# Echo Results Review

This notebook evaluates the performance of a fine-tuned language model on an echocardiogram report analysis task using a test dataset. It loads the model, defines the target labels, runs inference on each test example to generate predictions, and then calculates and reports the accuracy of the model's predictions against the true labels for each feature, as well as the overall exact match accuracy.
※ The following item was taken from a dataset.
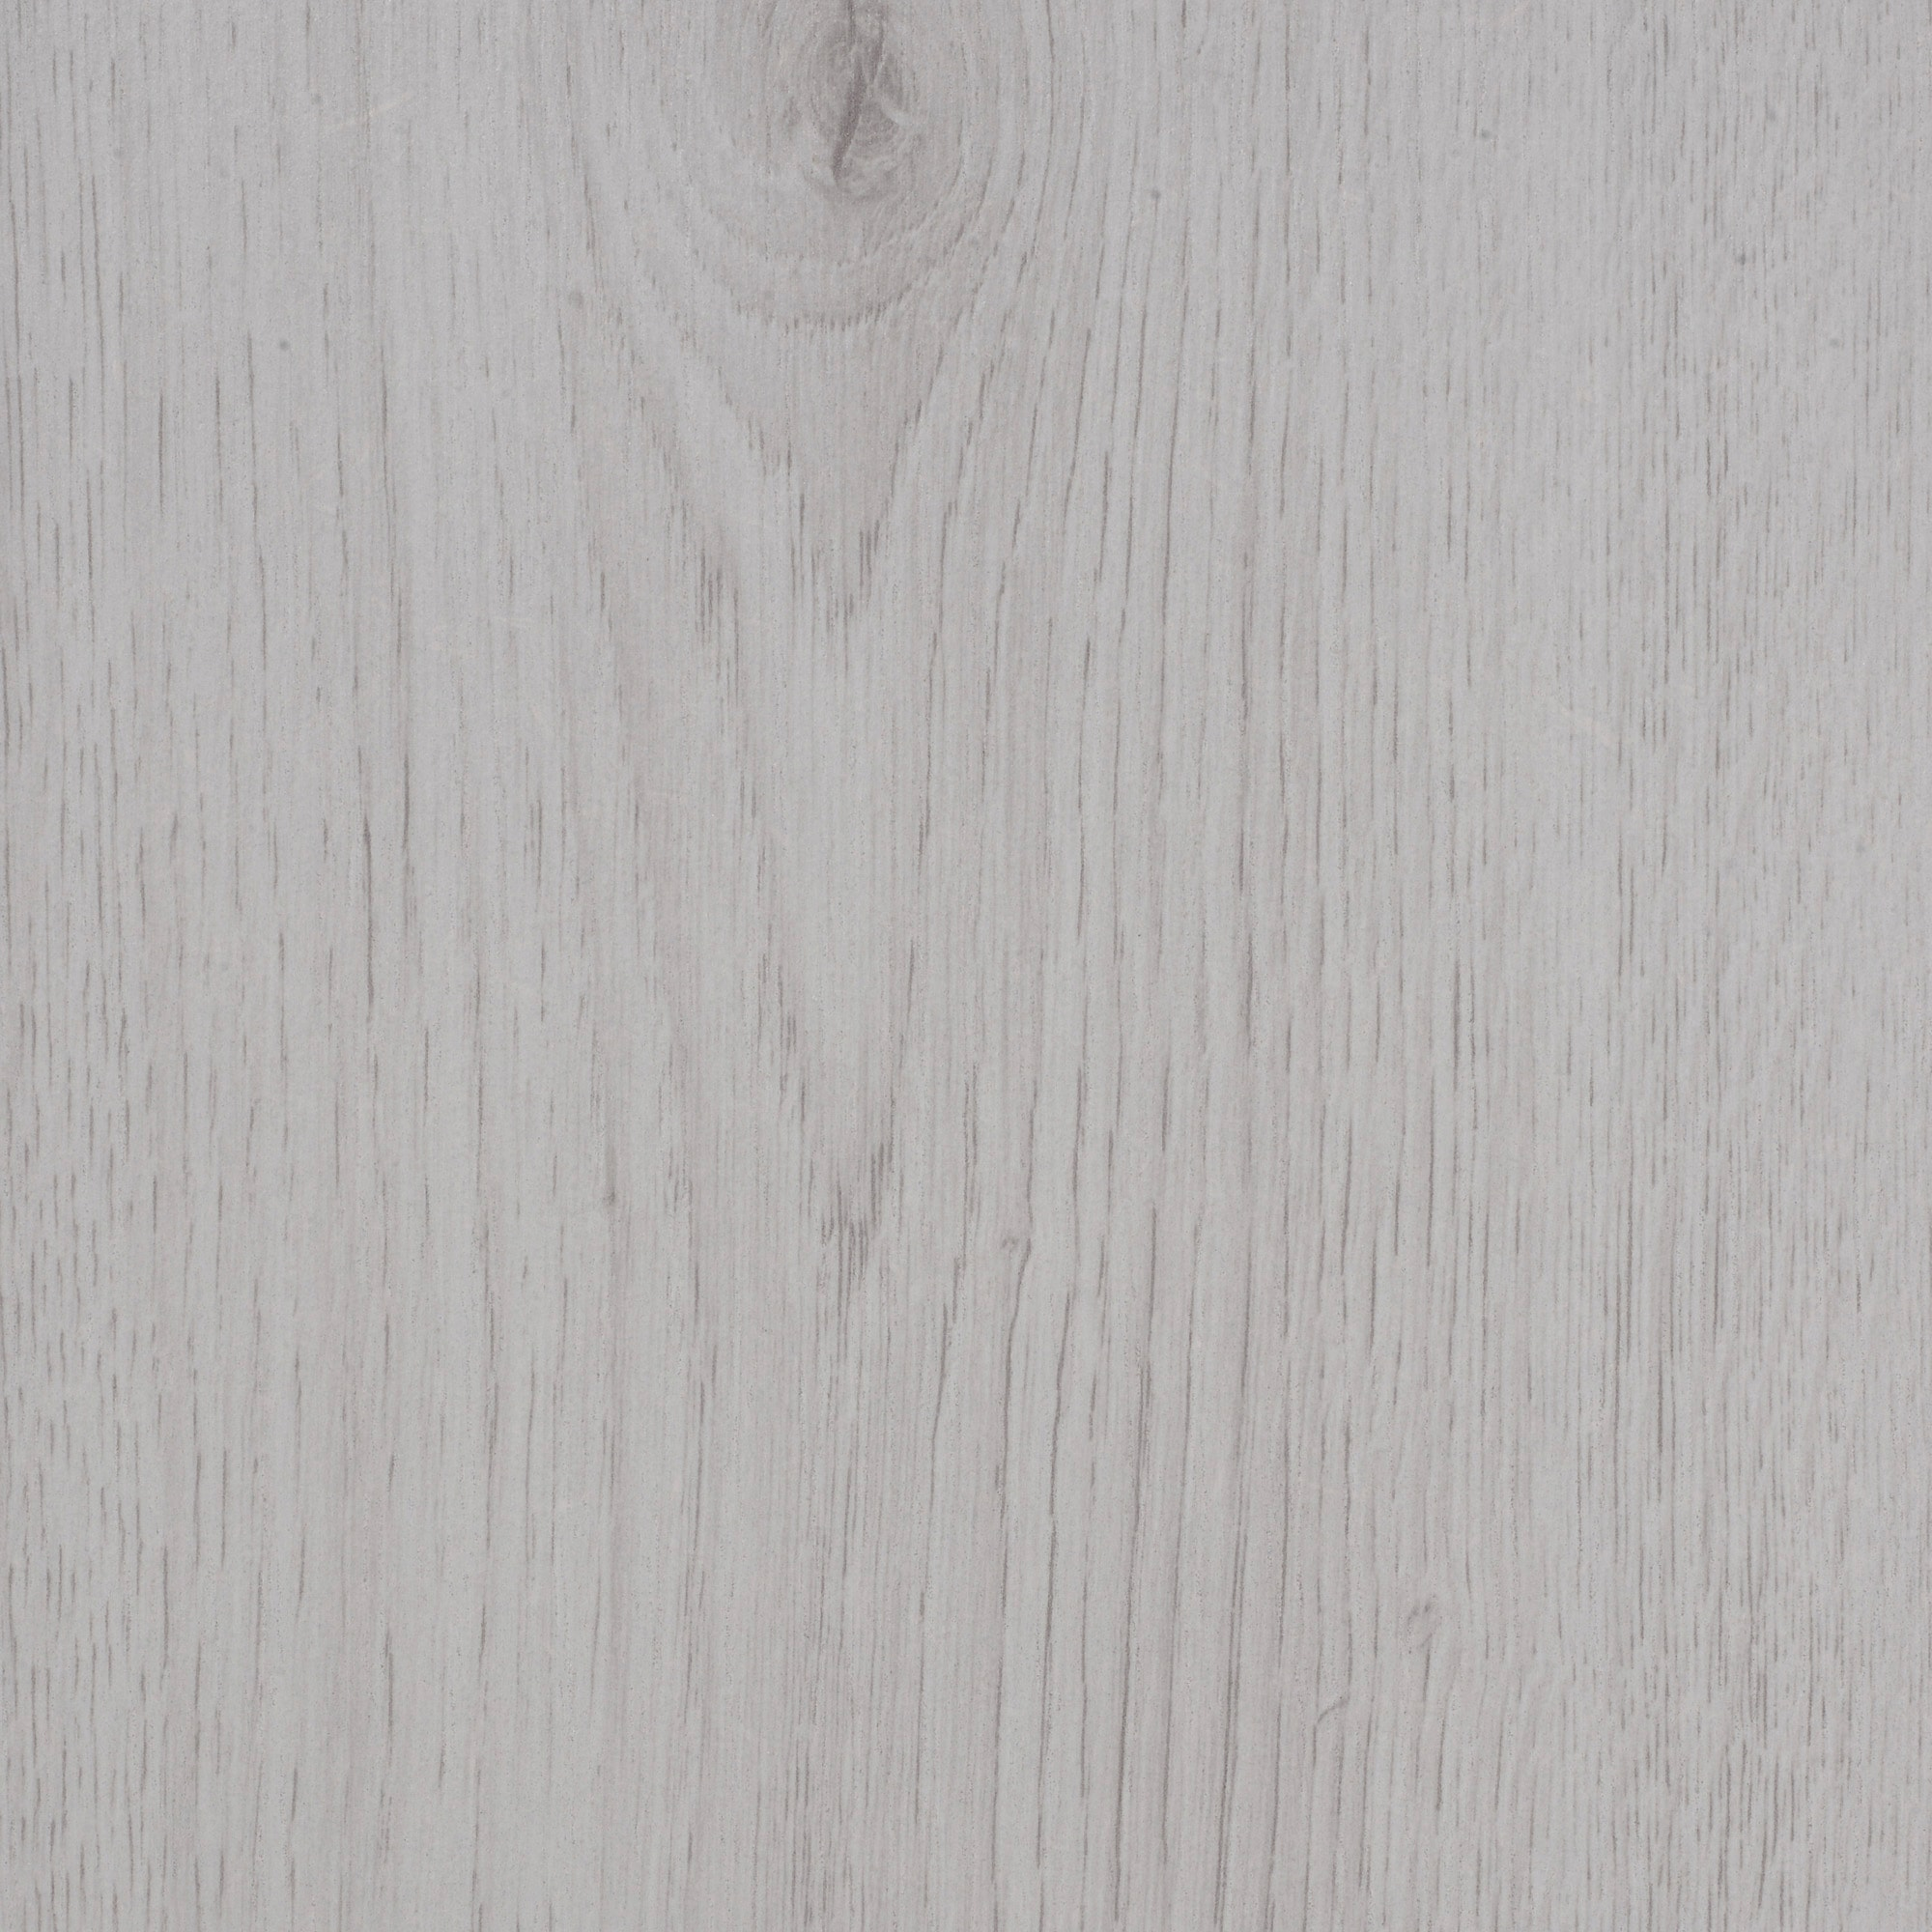 bodenmeister laminat topflor eiche nachbildung 1376 x. Black Bedroom Furniture Sets. Home Design Ideas

The model used was created by echo_note_training_final.ipynb

In [1]:
# Mount Google Drive
from google.colab import drive
drive.mount('/content/drive')

# Set up working directory
import os
WORKING_DIR = '/content/drive/MyDrive/echo_training/'  # Change this to your preferred location
os.makedirs(WORKING_DIR, exist_ok=True)
os.chdir(WORKING_DIR)

Mounted at /content/drive


In [2]:
import pandas as pd
import numpy as np
import ast
from tqdm import tqdm
from transformers import AutoModelForCausalLM, AutoTokenizer
import torch

In [3]:
# Loads the split files created when we trained the model.
#train_df = pd.read_csv('echo_train.csv')
#tune_df = pd.read_csv('echo_tune.csv')
test_df = pd.read_csv('echo_test.csv')

In [4]:
# Making a copy of the test dataframe - so I don't accidentally modify it
test_df_copy = test_df.copy()

In [5]:
test_df_copy = test_df_copy.rename(columns={test_df_copy.columns[0]: 'id_num'})

In [6]:

# ==============================================================================
# SETUP: LOAD MODEL AND DEFINE LABELS
# ==============================================================================

# Define label names
LABEL_NAMES = [
    'LA_cavity', 'RA_dilated', 'LV_systolic', 'LV_cavity',
    'LV_wall', 'RV_cavity', 'RV_systolic', 'AV_stenosis',
    'MV_stenosis', 'TV_regurgitation', 'TV_stenosis',
    'TV_pulm_htn', 'AV_regurgitation', 'MV_regurgitation',
    'RA_pressure', 'LV_diastolic', 'RV_volume_overload',
    'RV_wall', 'RV_pressure_overload'
]

# Load the fine-tuned model
model_path = "final_model"
tokenizer = AutoTokenizer.from_pretrained(model_path)
model = AutoModelForCausalLM.from_pretrained(
    model_path,
    device_map="auto",
    torch_dtype=torch.bfloat16
)

`torch_dtype` is deprecated! Use `dtype` instead!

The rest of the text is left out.